We estimated approximate Bayes factor colocalizations of UL association signals from META-2 and gene expression in GTEx v862 (cultured fibroblasts, skeletal muscle, uterus, and whole blood) using coloc.abf function from the coloc R library54. Altogether 92 genes, including the genes closest to the association lead variant at each UL-associated locus and biologically plausible candidate genes, when different from the closest genes, were included in the analysis (Table S2). The figure illustrates a all genes, the expression of which colocalizes with UL signal (posterior probability for a single causal variant [PP4] >0.8) in at least one of the studied tissues, as well as colocalization signals for HEATR3 in b cultured fibroblasts, c skeletal muscle, d uterus, and e whole blood, and for HSPA4 in f cultured fibroblasts, and g skeletal muscle.

Genetic correlations with metabolic and anthropometric traits

We used LDSC software21 to evaluate the genetic correlations (rg) of UL with 20 metabolic and anthropometric traits (Fig. 5a, Table S11, and Supplementary Data 1).
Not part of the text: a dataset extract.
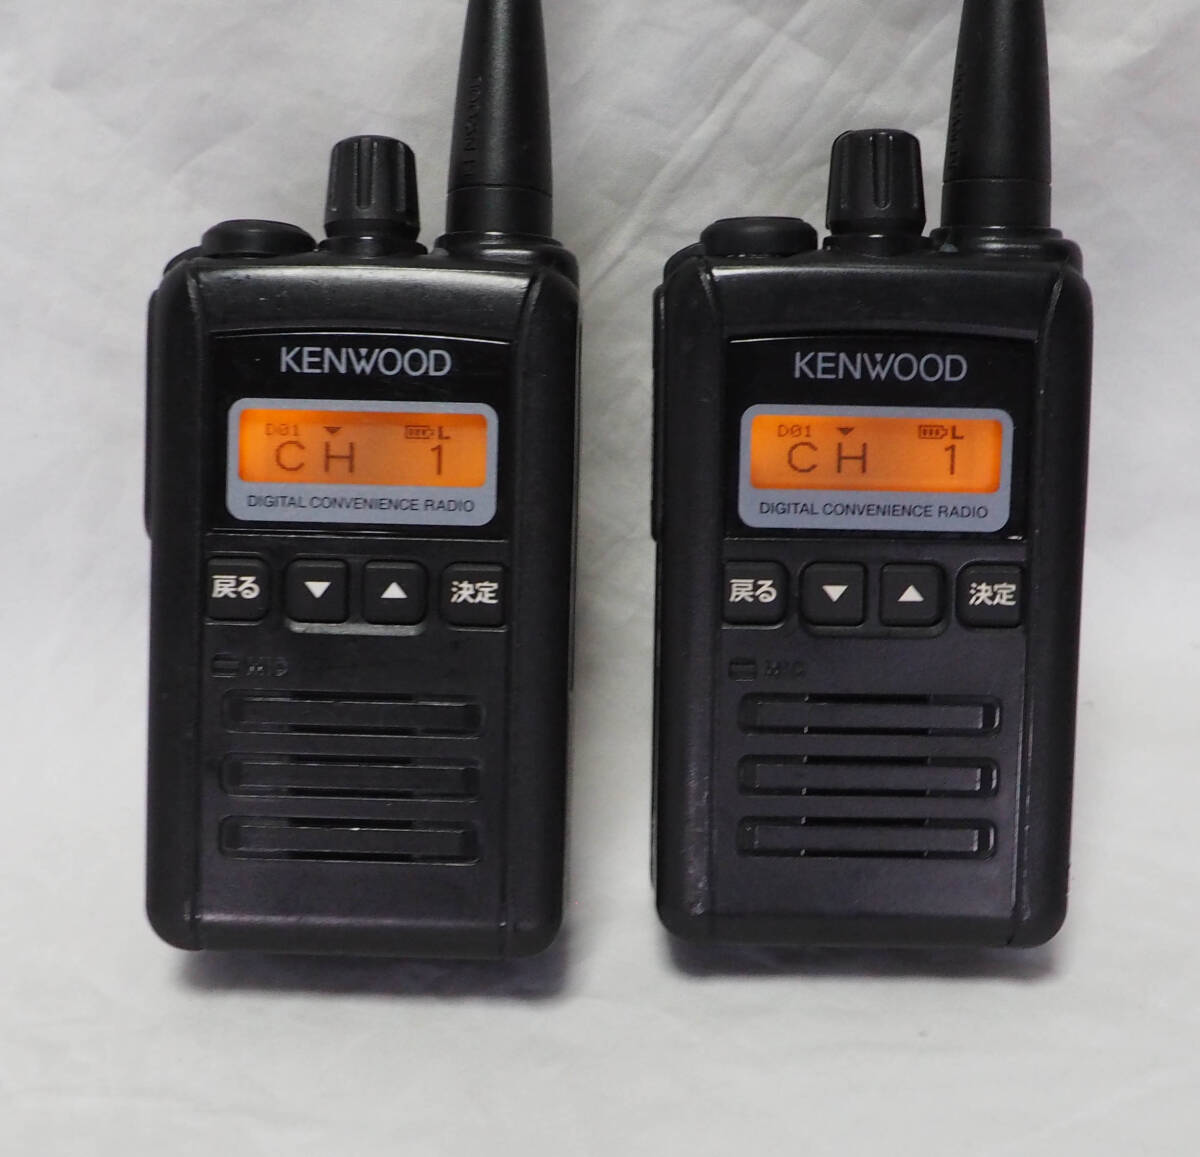  normal operation *KENWOOD Kenwood TCP-D251C 5W digital simple wireless 2 pcs. set with charger 
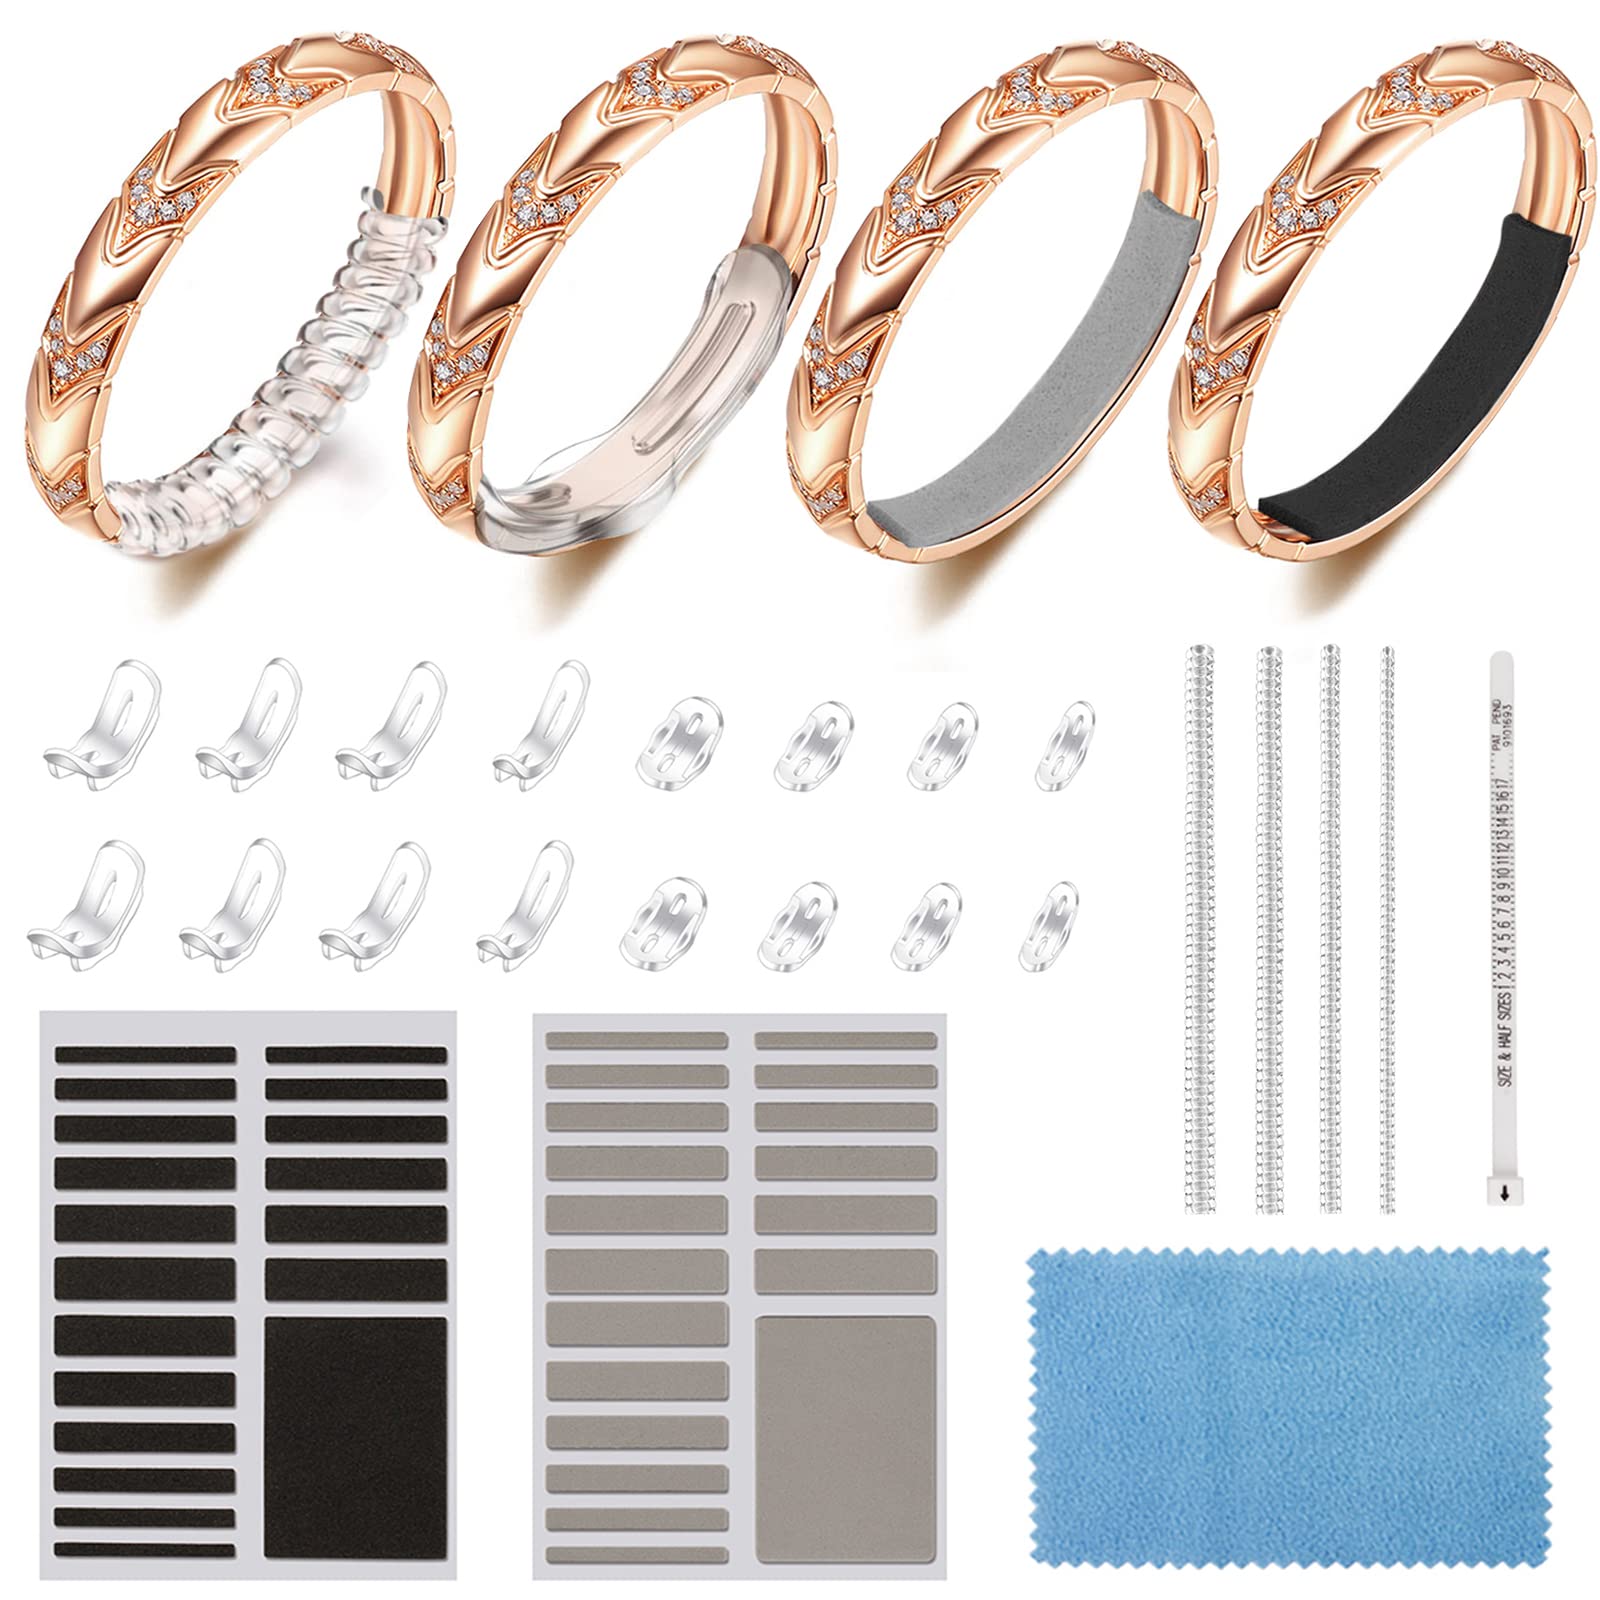 Ring Sizer set III – Ring Size Adjusters

In line with previous observational studies reporting associations between cardiometabolic risk factors and UL risk20,37, we found UL to show a positive genetic correlation with serum triglyceride level (rg = 0.161, pFDR = 1.10 × 10−7), waist circumference (rg = 0.101, pFDR = 1.23 × 10−4), diastolic blood pressure (rg = 0.098, pFDR = 2.76 × 10−4), waist-to-hip ratio (rg = 0.095, pFDR = 0.020), body mass index (BMI; rg = 0.091, pFDR = 7.63 × 10−4), systolic blood pressure (rg = 0.061, pFDR = 0.020), whole-body fat mass (rg = 0.057, pFDR = 0.026), and hip circumference (rg = 0.051, pFDR = 0.048), and negative genetic correlation with concentrations of high-density lipoprotein cholesterol (HDL-C; rg = −0.139, pFDR = 1.48 × 10−7) and apolipoprotein A-I (ApoA-I; rg = −0.110, pFDR = 1.13 × 10−4). Somewhat unexpectedly, we found UL to be closely genetically correlated with basal metabolic rate (rg = 0.084, pFDR = 0.002), whole-body water mass (rg = 0.083, pFDR = 0.002), and whole-body fat-free mass (rg = 0.083, pFDR = 0.003). Compatible with these findings, UL showed a negative genetic correlation with the impedance of whole-body (rg = −0.130, pFDR = 1.04 × 10−5) (i.e. a bioelectrical measure used for estimating body composition; higher muscle mass leads to lower impedance). Compared with whole-body fat mass, the genetic correlations of UL with these anthropometric traits indicating good physical health (i.e. basal metabolic rate, water mass, and fat-free mass) tended to be more robust in terms of both larger rg values and smaller p values.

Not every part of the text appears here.